* _Exercise input_:
= Beginning of Section =

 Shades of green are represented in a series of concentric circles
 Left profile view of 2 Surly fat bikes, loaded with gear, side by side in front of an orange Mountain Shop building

= End of Section =
= Beginning of Section =

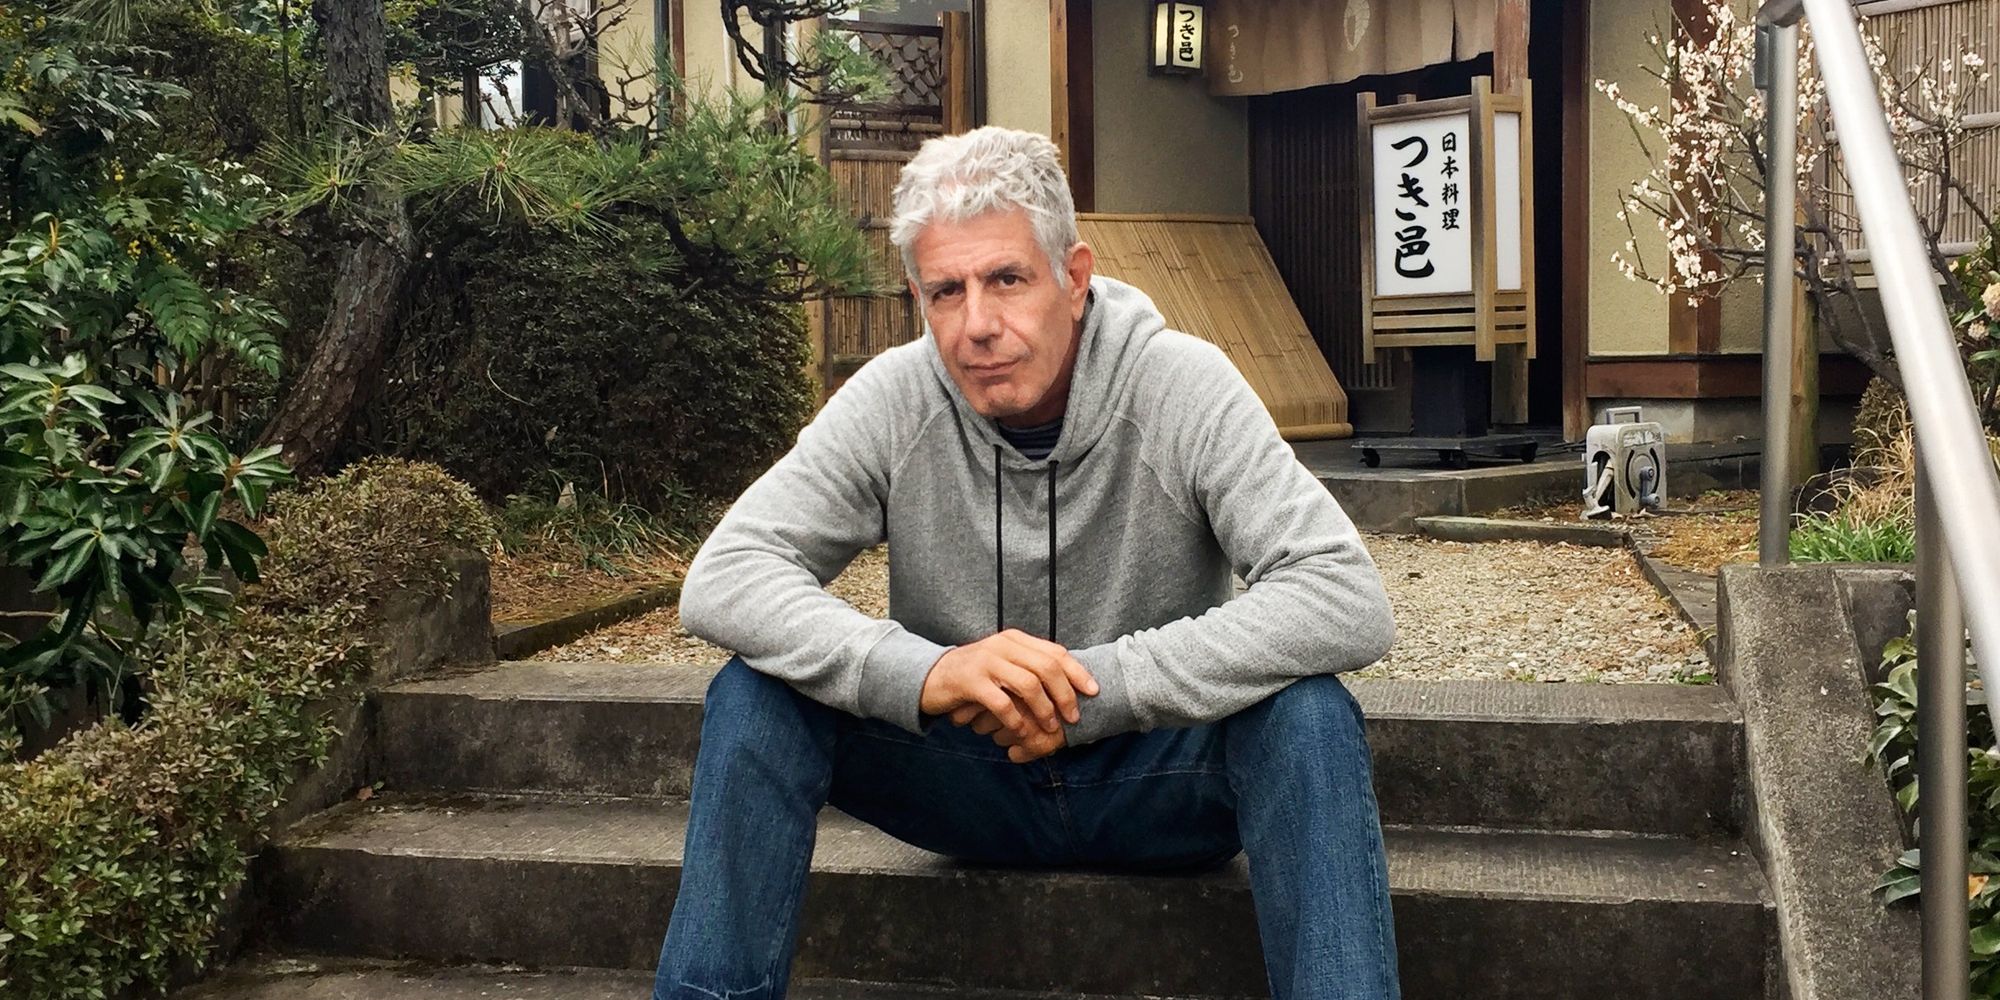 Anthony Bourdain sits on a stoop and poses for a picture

= End of Section =
= Beginning of Section =

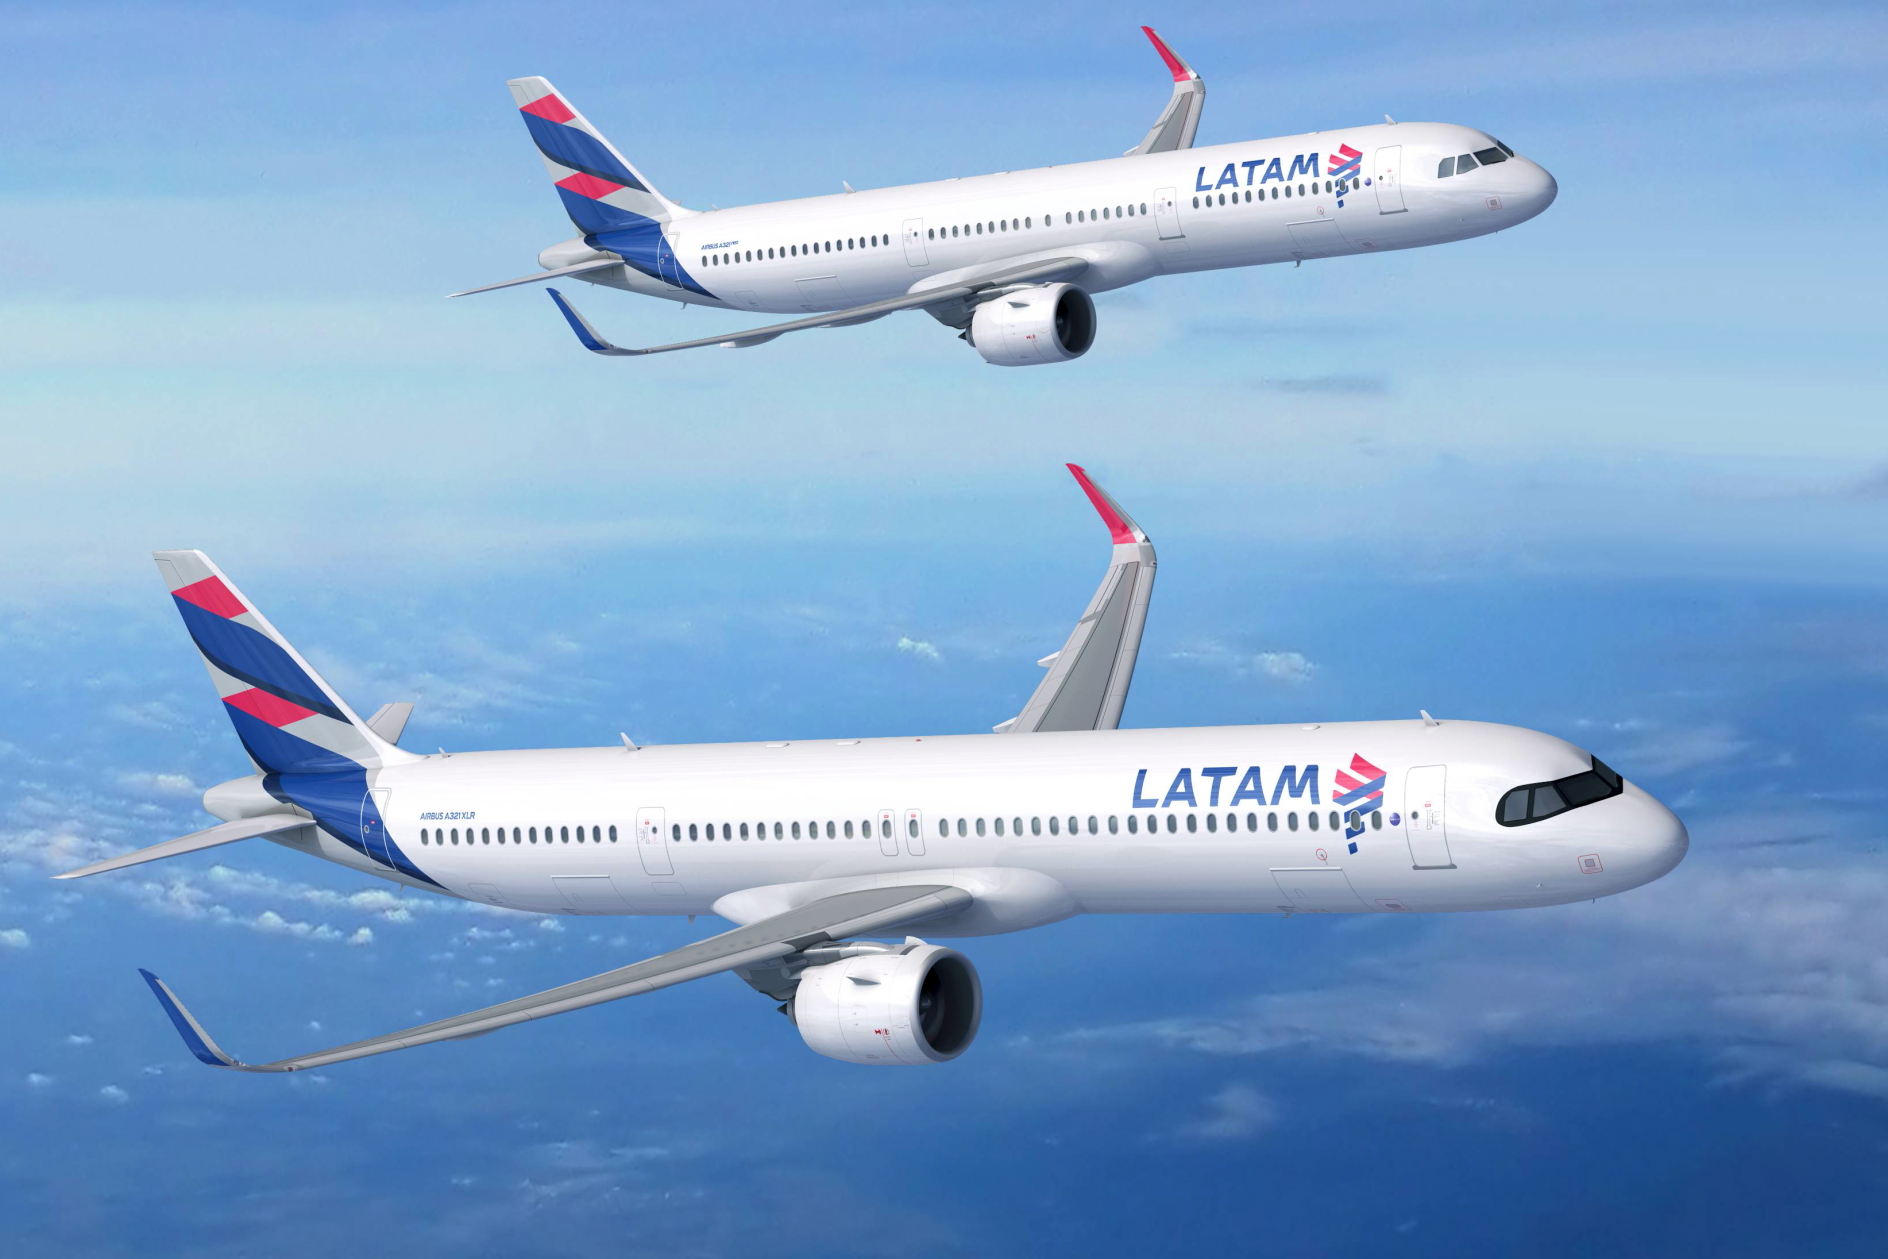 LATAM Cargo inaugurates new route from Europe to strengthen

= End of Section =

* _Your instructions_: Starting at the line that has "Shades of green" and ending at the line that has "Left profile view", please write out the lines above exactly, leaving out all others.

* _Answer section_:
 Shades of green are represented in a series of concentric circles
 Left profile view of 2 Surly fat bikes, loaded with gear, side by side in front of an orange Mountain Shop building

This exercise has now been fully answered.